§ DATA PROVIDED:
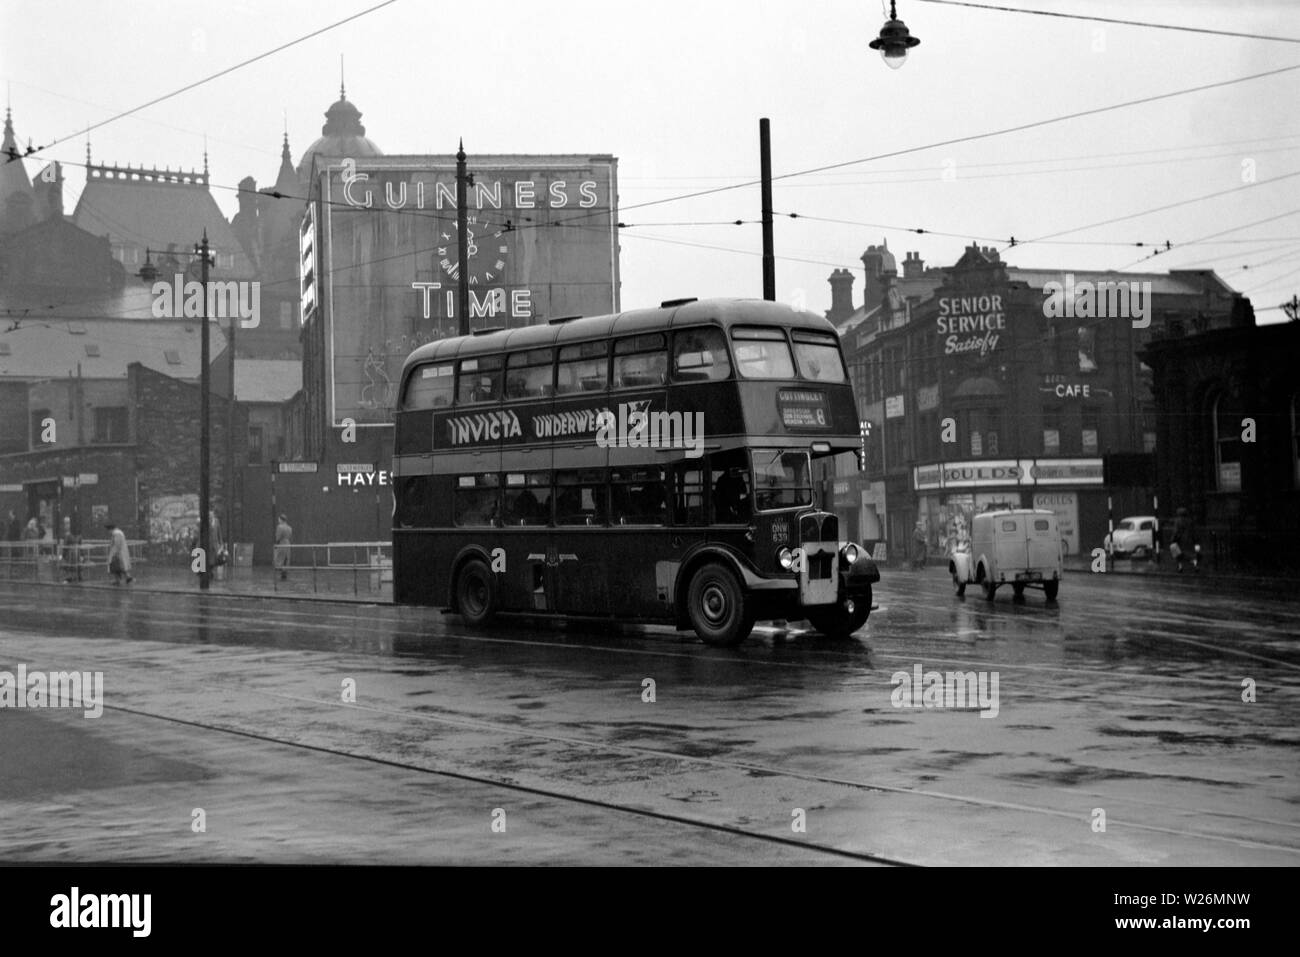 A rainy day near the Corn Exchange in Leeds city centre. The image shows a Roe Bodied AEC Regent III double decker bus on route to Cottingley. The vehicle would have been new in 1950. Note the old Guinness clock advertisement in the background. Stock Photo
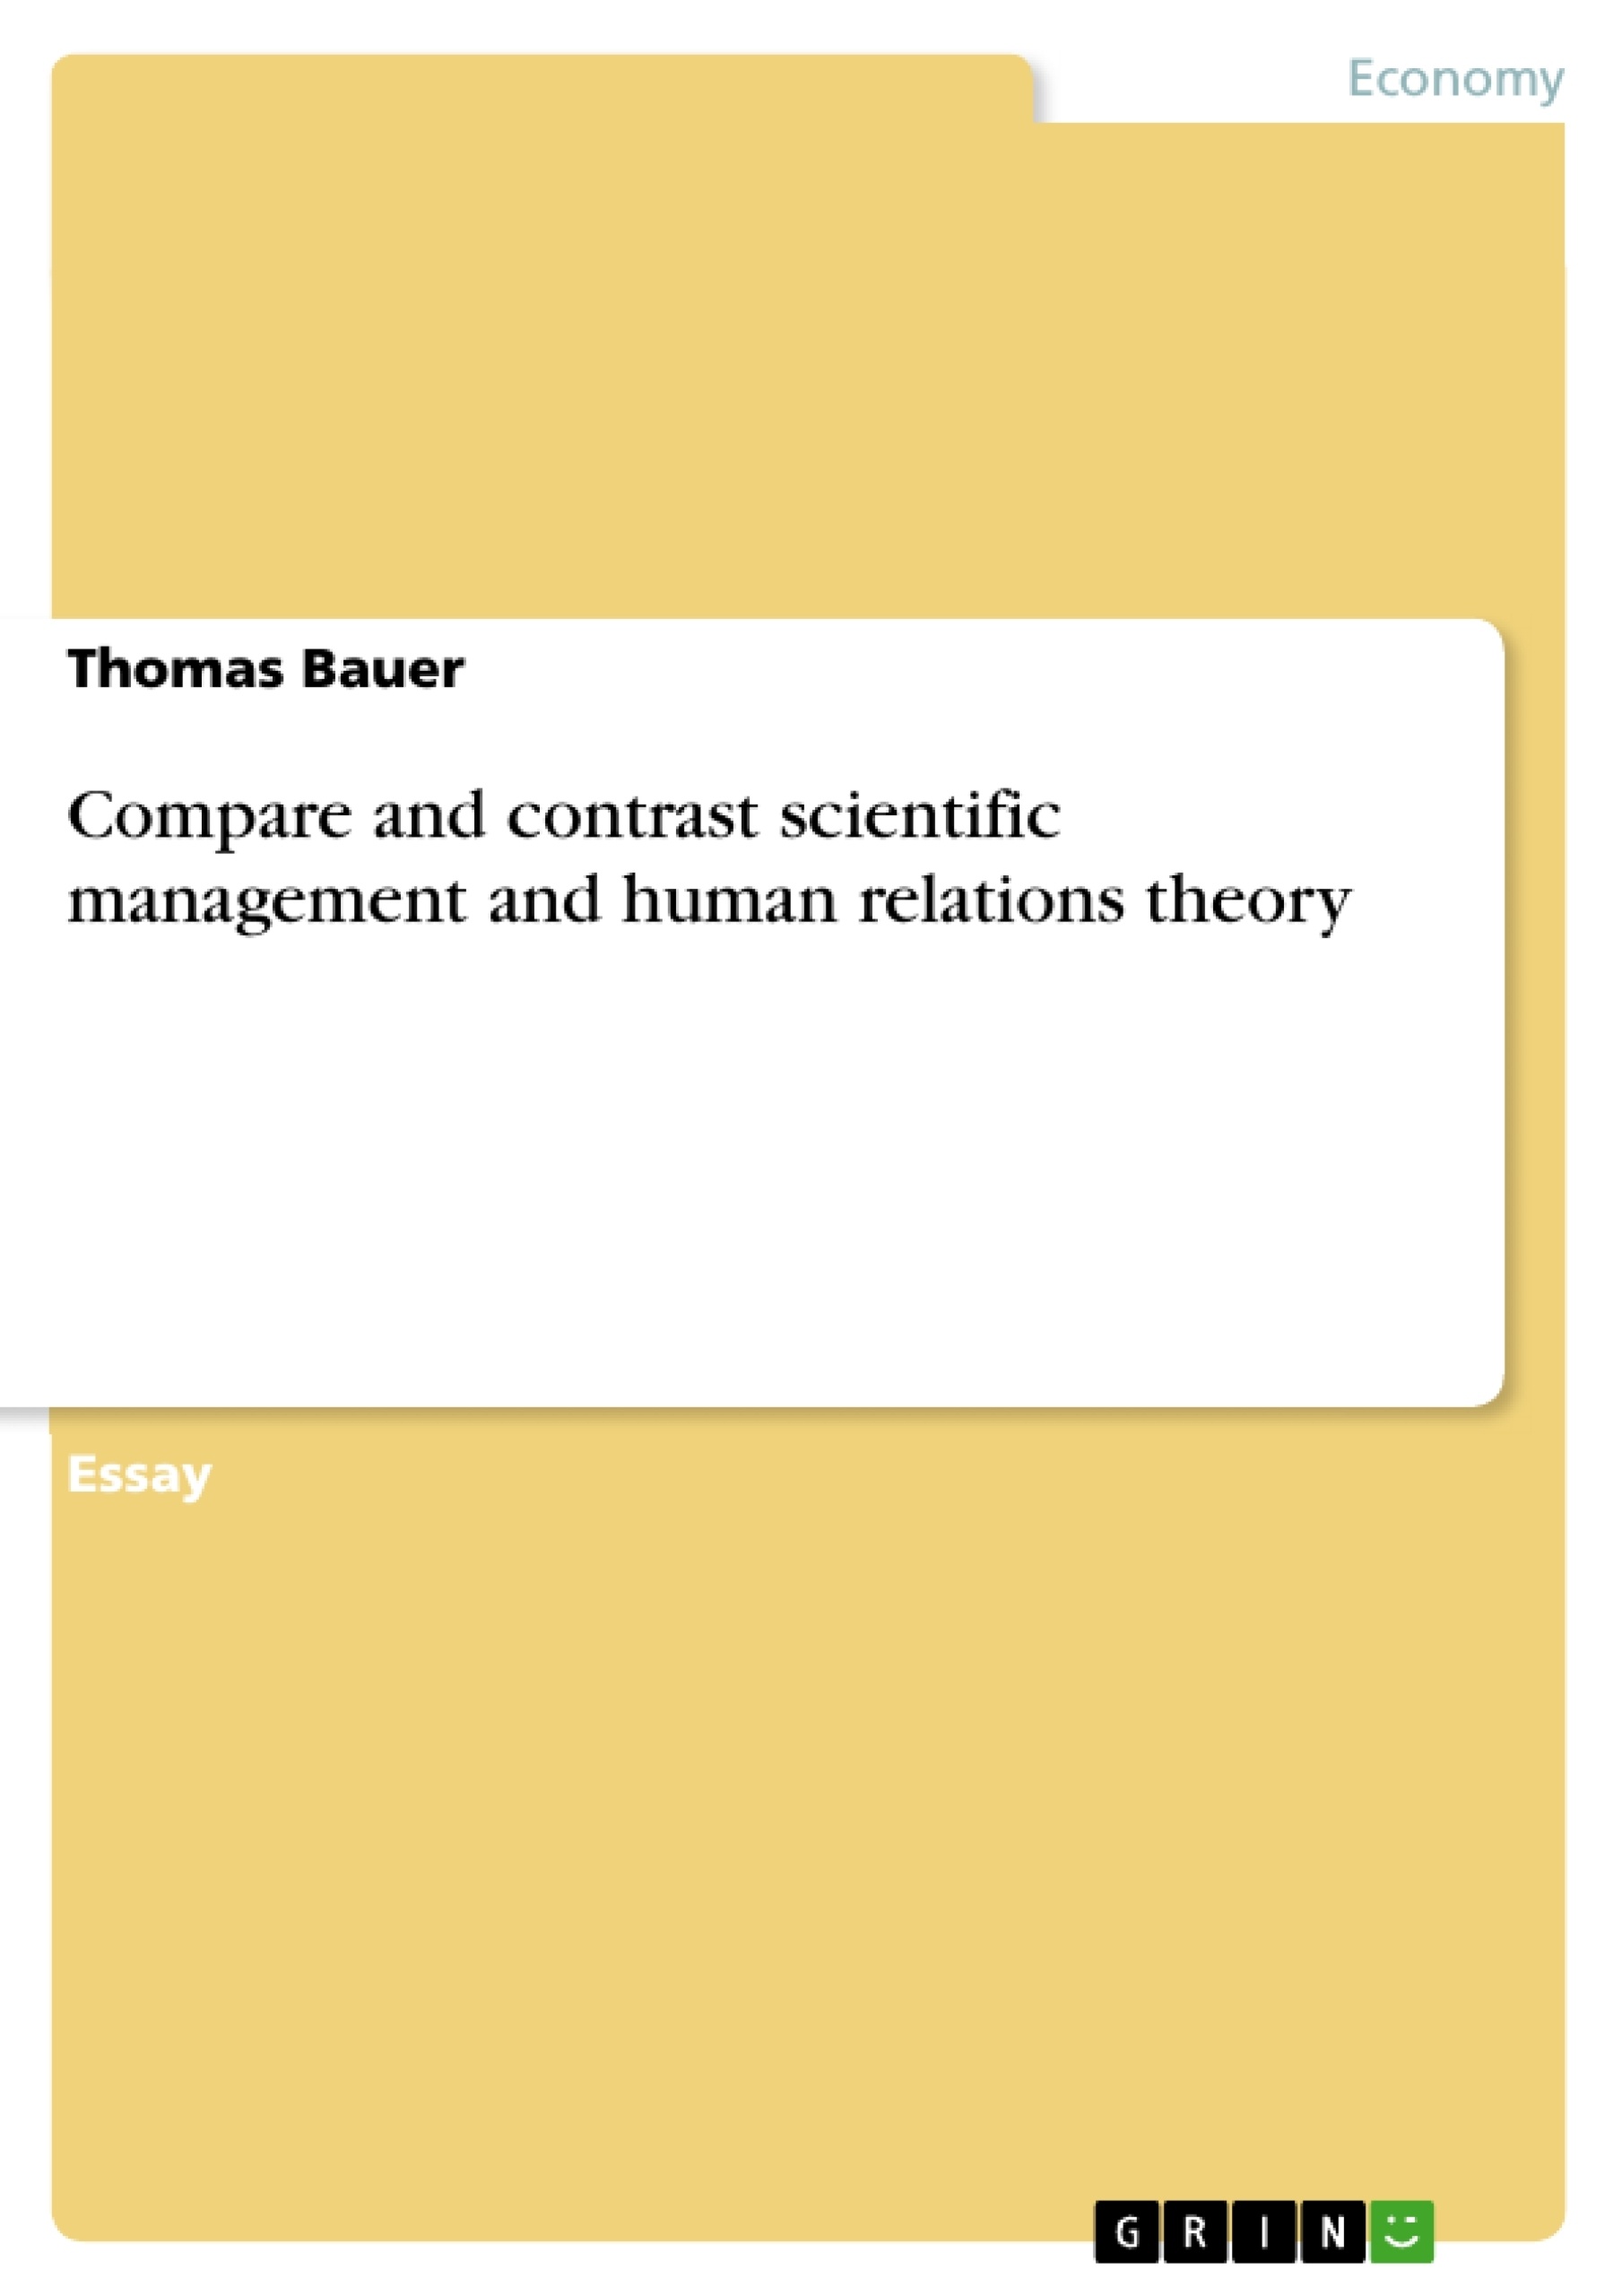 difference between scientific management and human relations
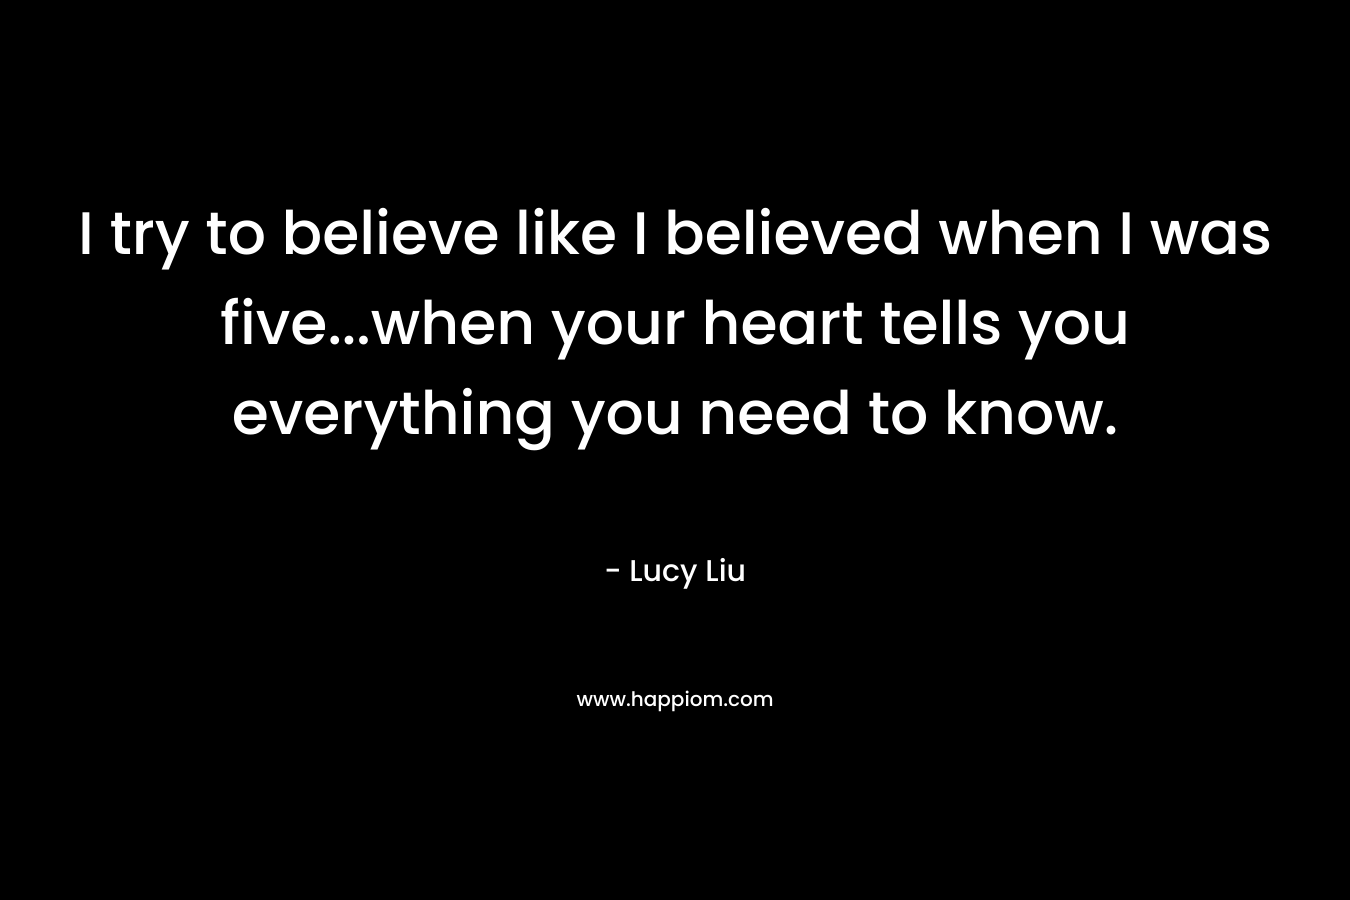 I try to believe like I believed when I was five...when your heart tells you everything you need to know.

§ REQUIREMENT: Exactly as written, restate all of the data, leaving out the images.

§ EXERCISE SOLUTION:
 A rainy day near the Corn Exchange in Leeds city centre. The image shows a Roe Bodied AEC Regent III double decker bus on route to Cottingley. The vehicle would have been new in 1950. Note the old Guinness clock advertisement in the background. Stock Photo
 difference between scientific management and human relations
 I try to believe like I believed when I was five...when your heart tells you everything you need to know.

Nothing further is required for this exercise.